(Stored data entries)

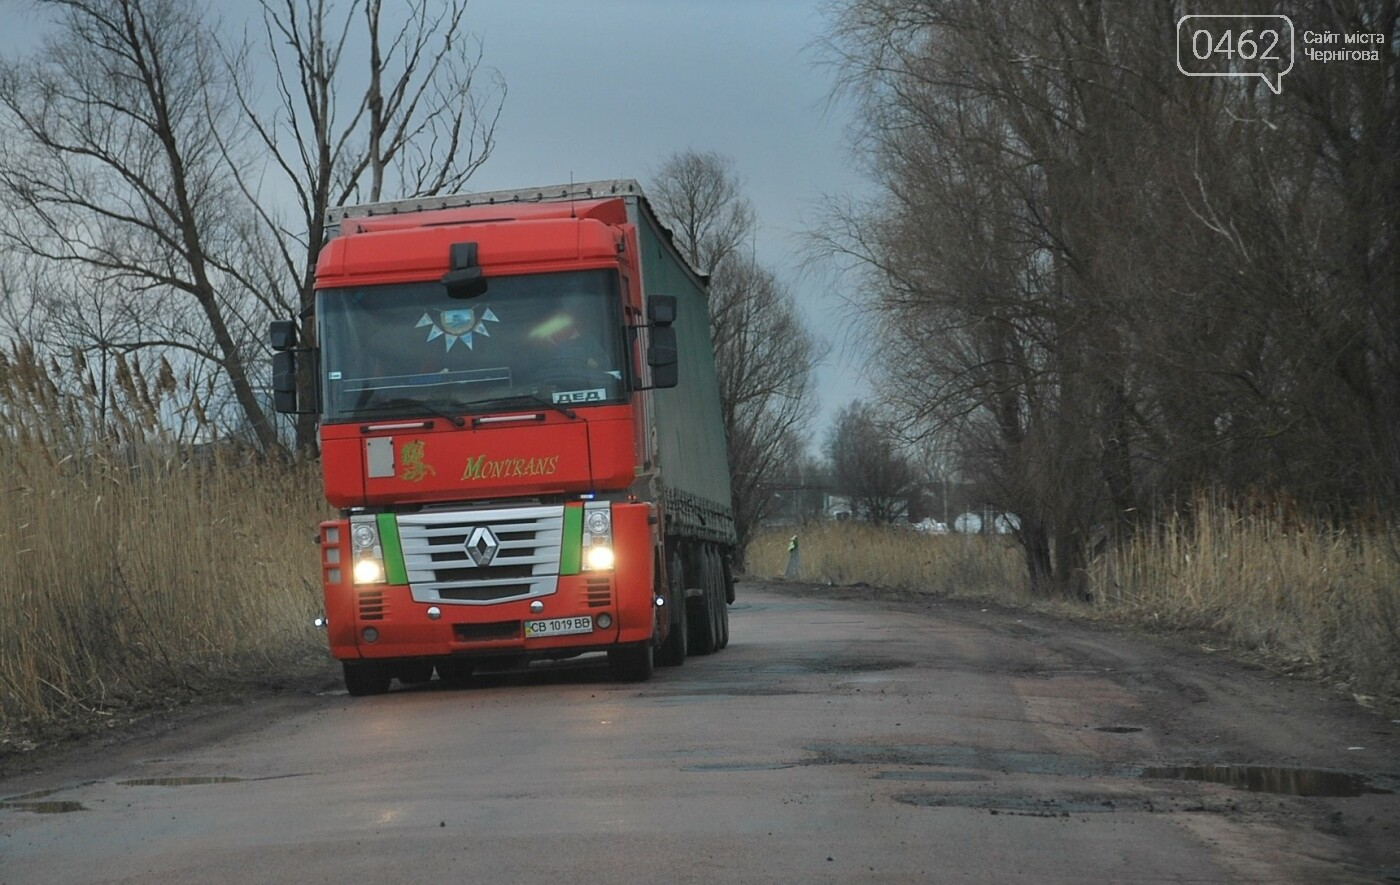 Фуры разрушают дорогу в Черниговской области. С ними будут бороться габаритными рамками, фото-4
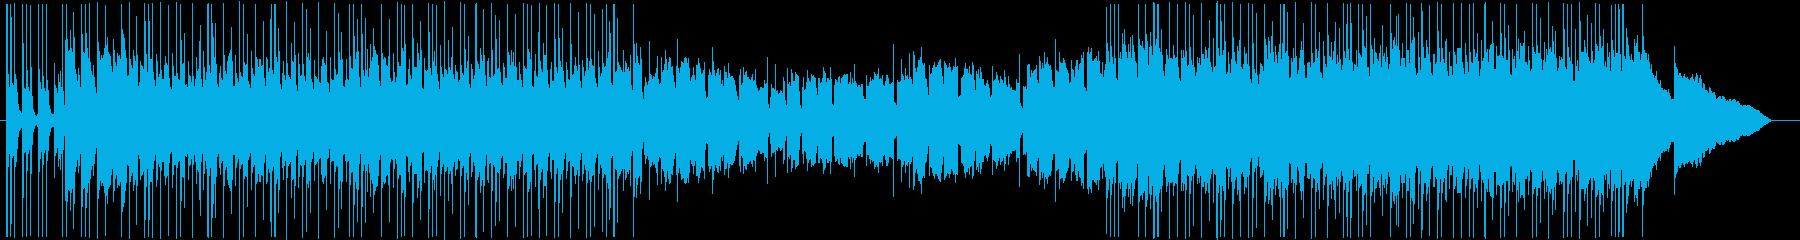 様々なシーンに使えるポップなロックの再生済みの波形
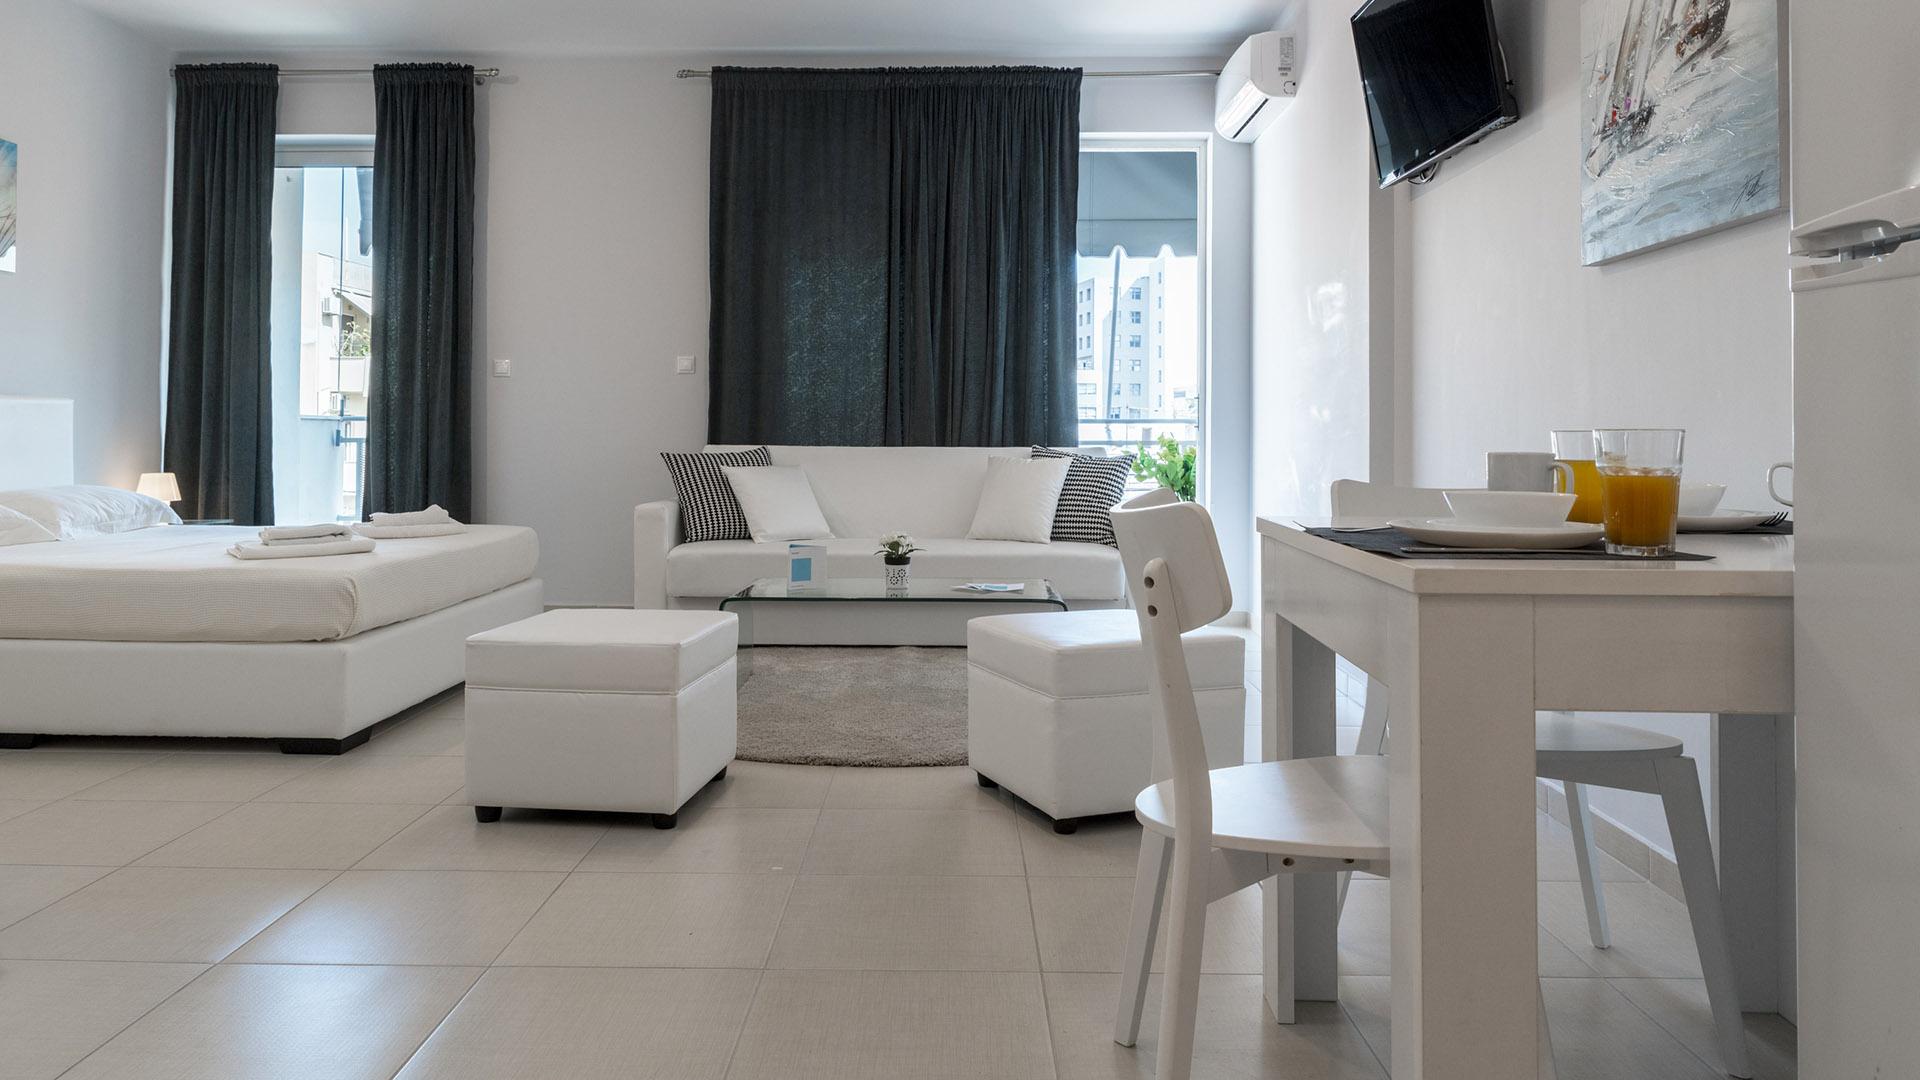 ξενοδοχεια αθηνα - Alekos Apartments & Suites
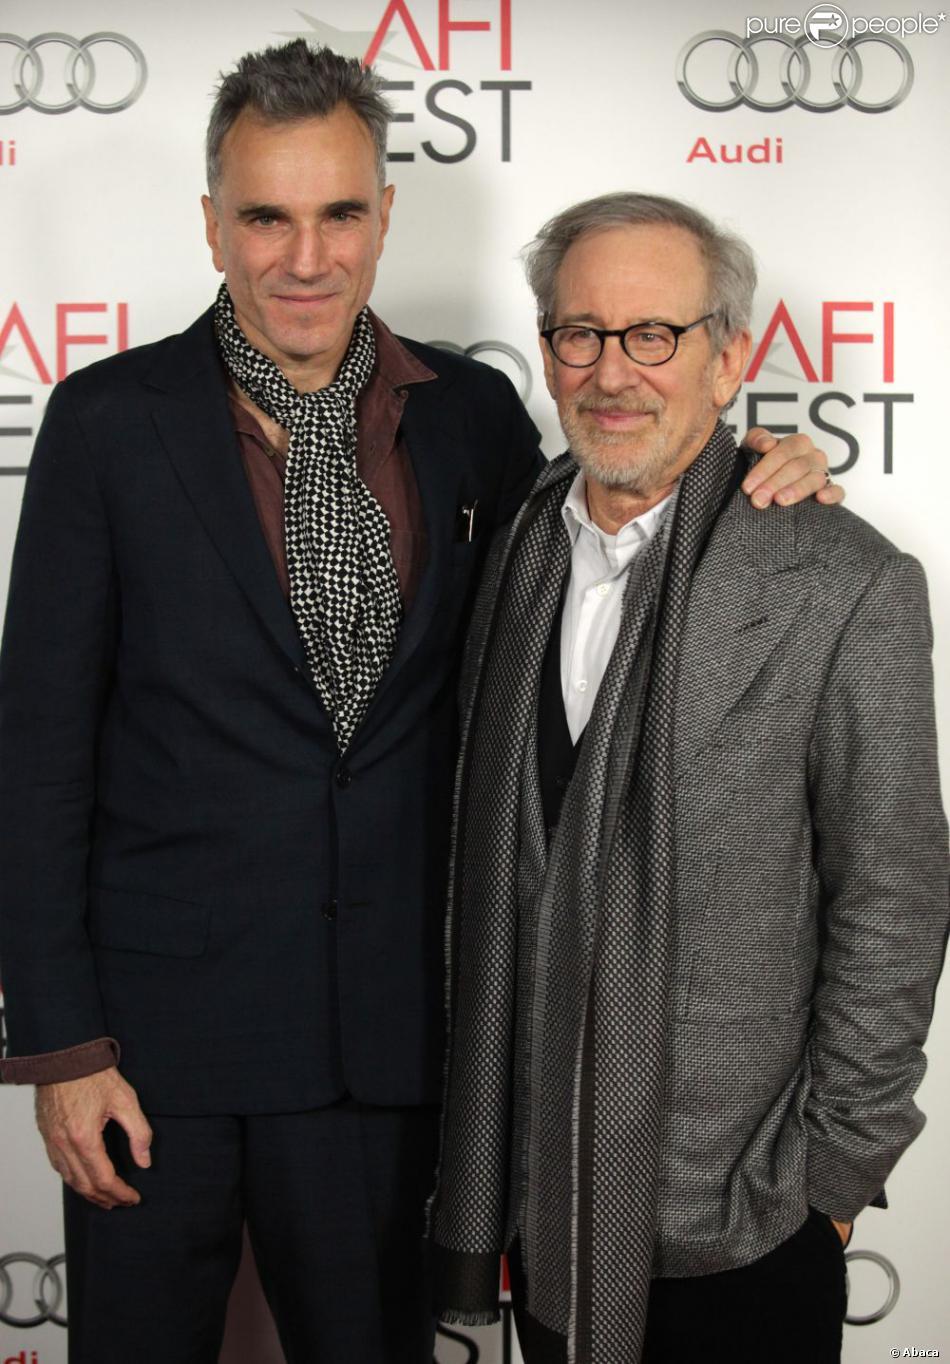 Daniel Day-Lewis et Steven Spielberg lors de la projection du film Lincoln, dans le cadre du festival de l'AFI à Los Angeles le 8 novembre 2012
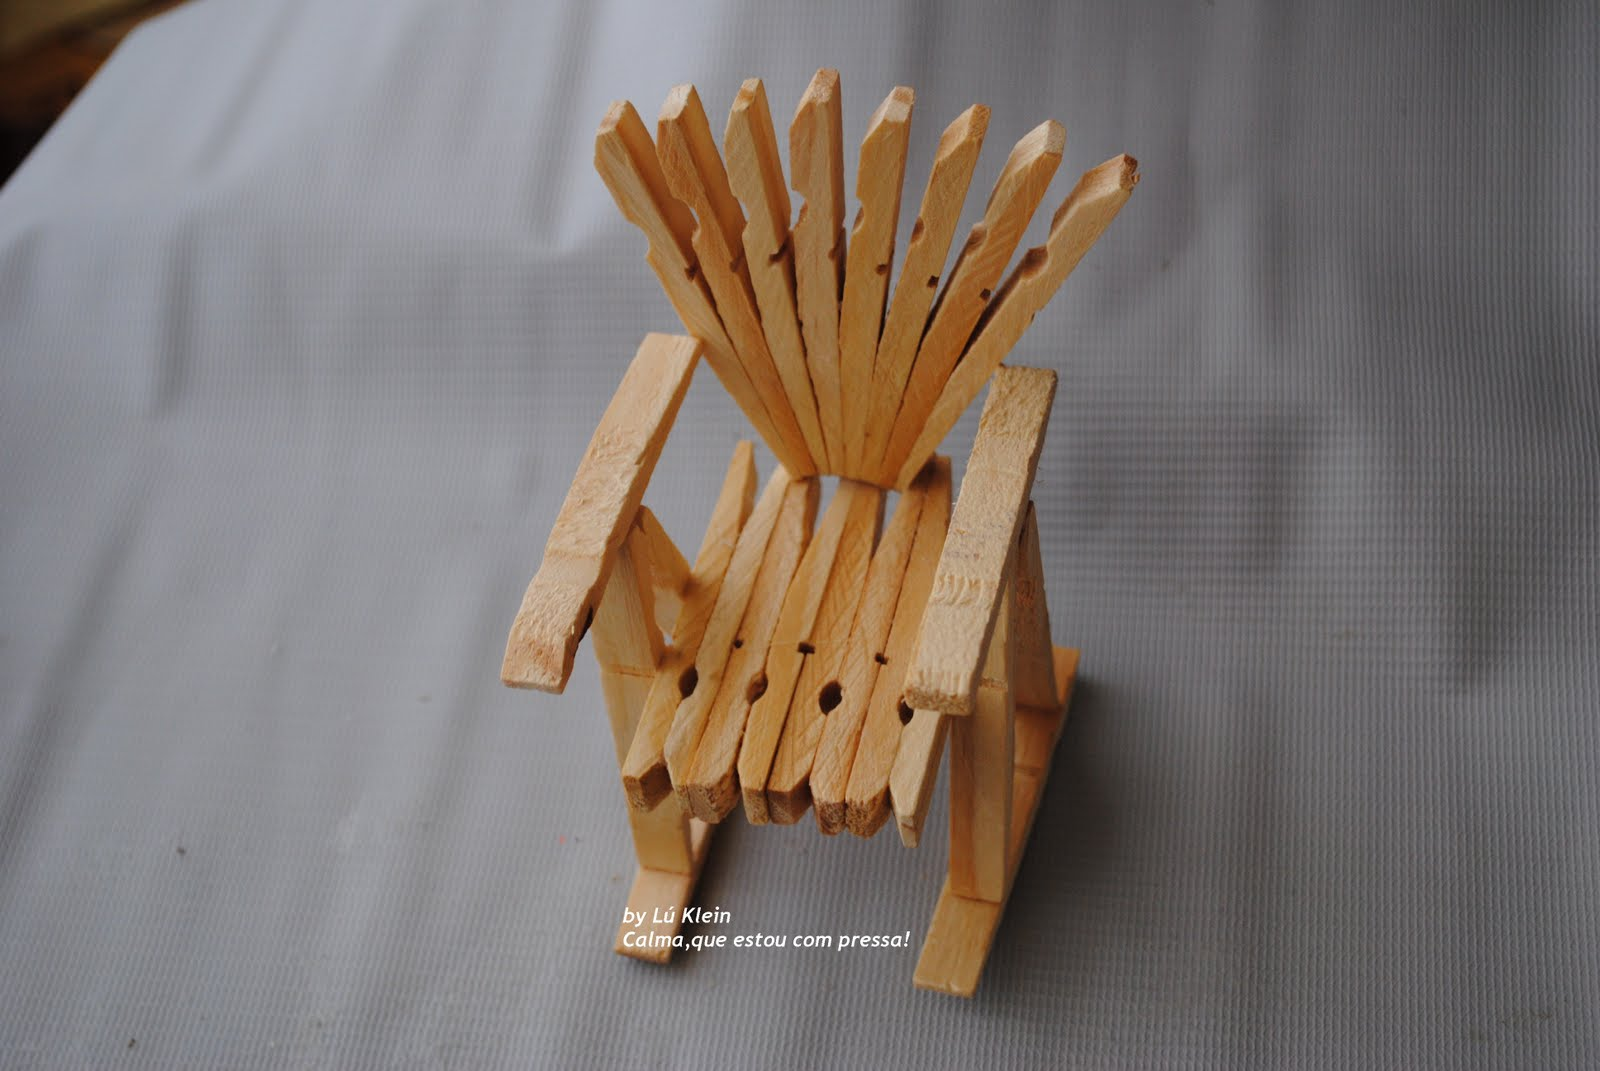 #724626 ESSE LIXO QUE NÃO SOME!..: Cadeira de balanço de palito de sorvete 1600x1071 px cadeira de balanço com pregador @ bernauer.info Móveis Antigos Novos E Usados Online
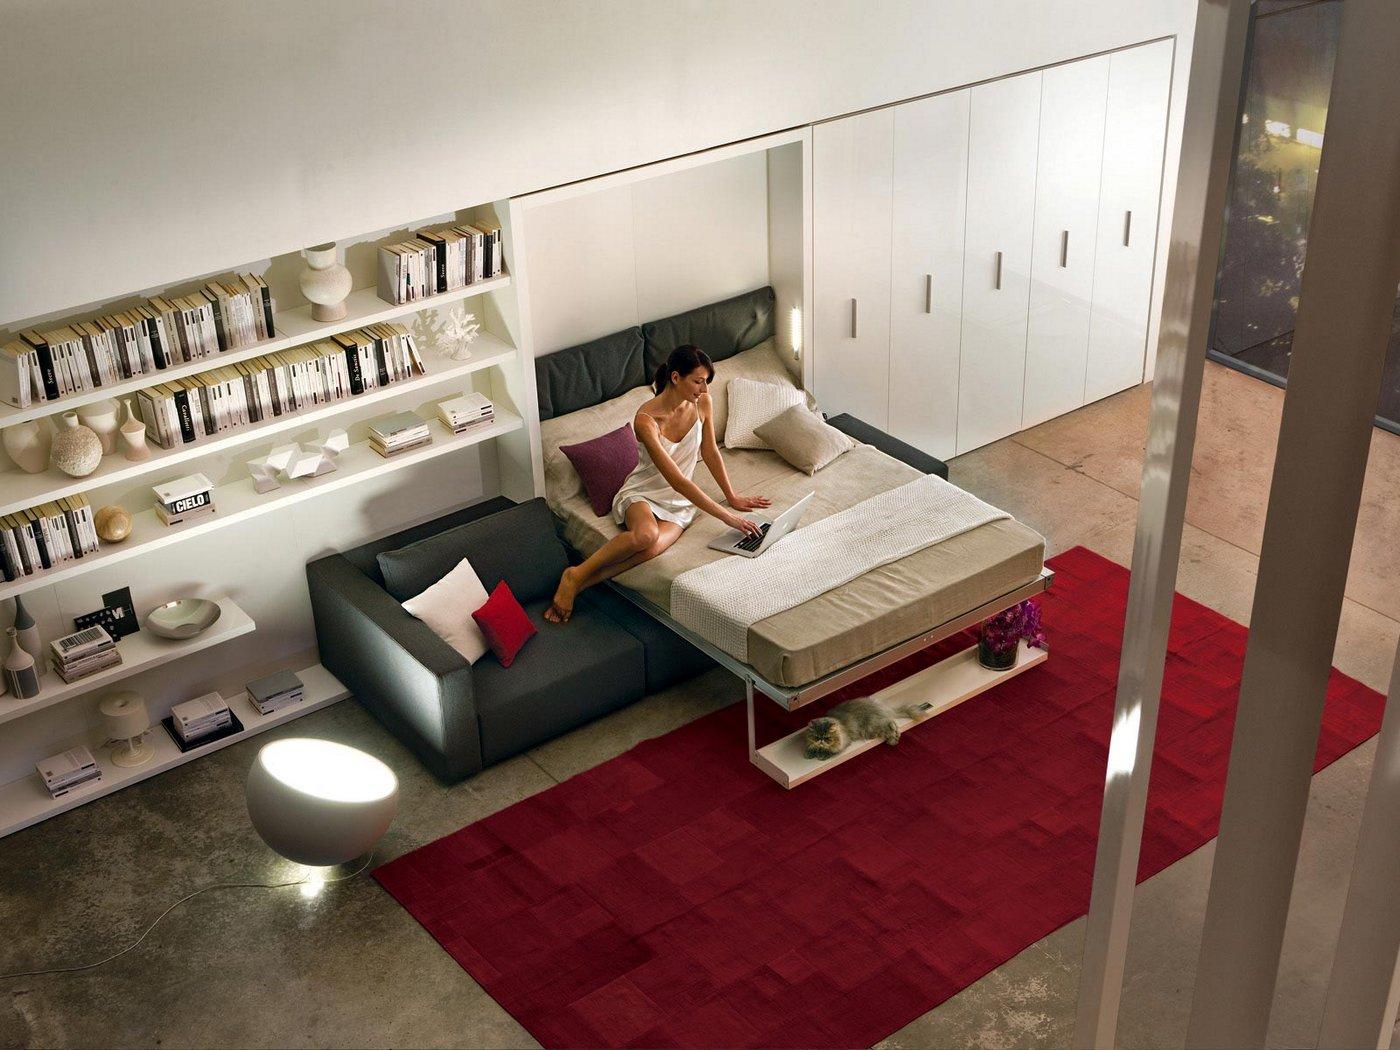 Camas abatibles con sofa | CAMAS ABATIBLES MADRID|CAMAS PLEGABLES

*Exercise brief*: Pictures are not part of the copy; transcribe the rest of the data verbatim.

*Worked solution*:
 Фуры разрушают дорогу в Черниговской области. С ними будут бороться габаритными рамками, фото-4
 様々なシーンに使えるポップなロックの再生済みの波形
 ξενοδοχεια αθηνα - Alekos Apartments & Suites
 Daniel Day-Lewis et Steven Spielberg lors de la projection du film Lincoln, dans le cadre du festival de l'AFI à Los Angeles le 8 novembre 2012
 #724626 ESSE LIXO QUE NÃO SOME!..: Cadeira de balanço de palito de sorvete 1600x1071 px cadeira de balanço com pregador @ bernauer.info Móveis Antigos Novos E Usados Online
 Camas abatibles con sofa | CAMAS ABATIBLES MADRID|CAMAS PLEGABLES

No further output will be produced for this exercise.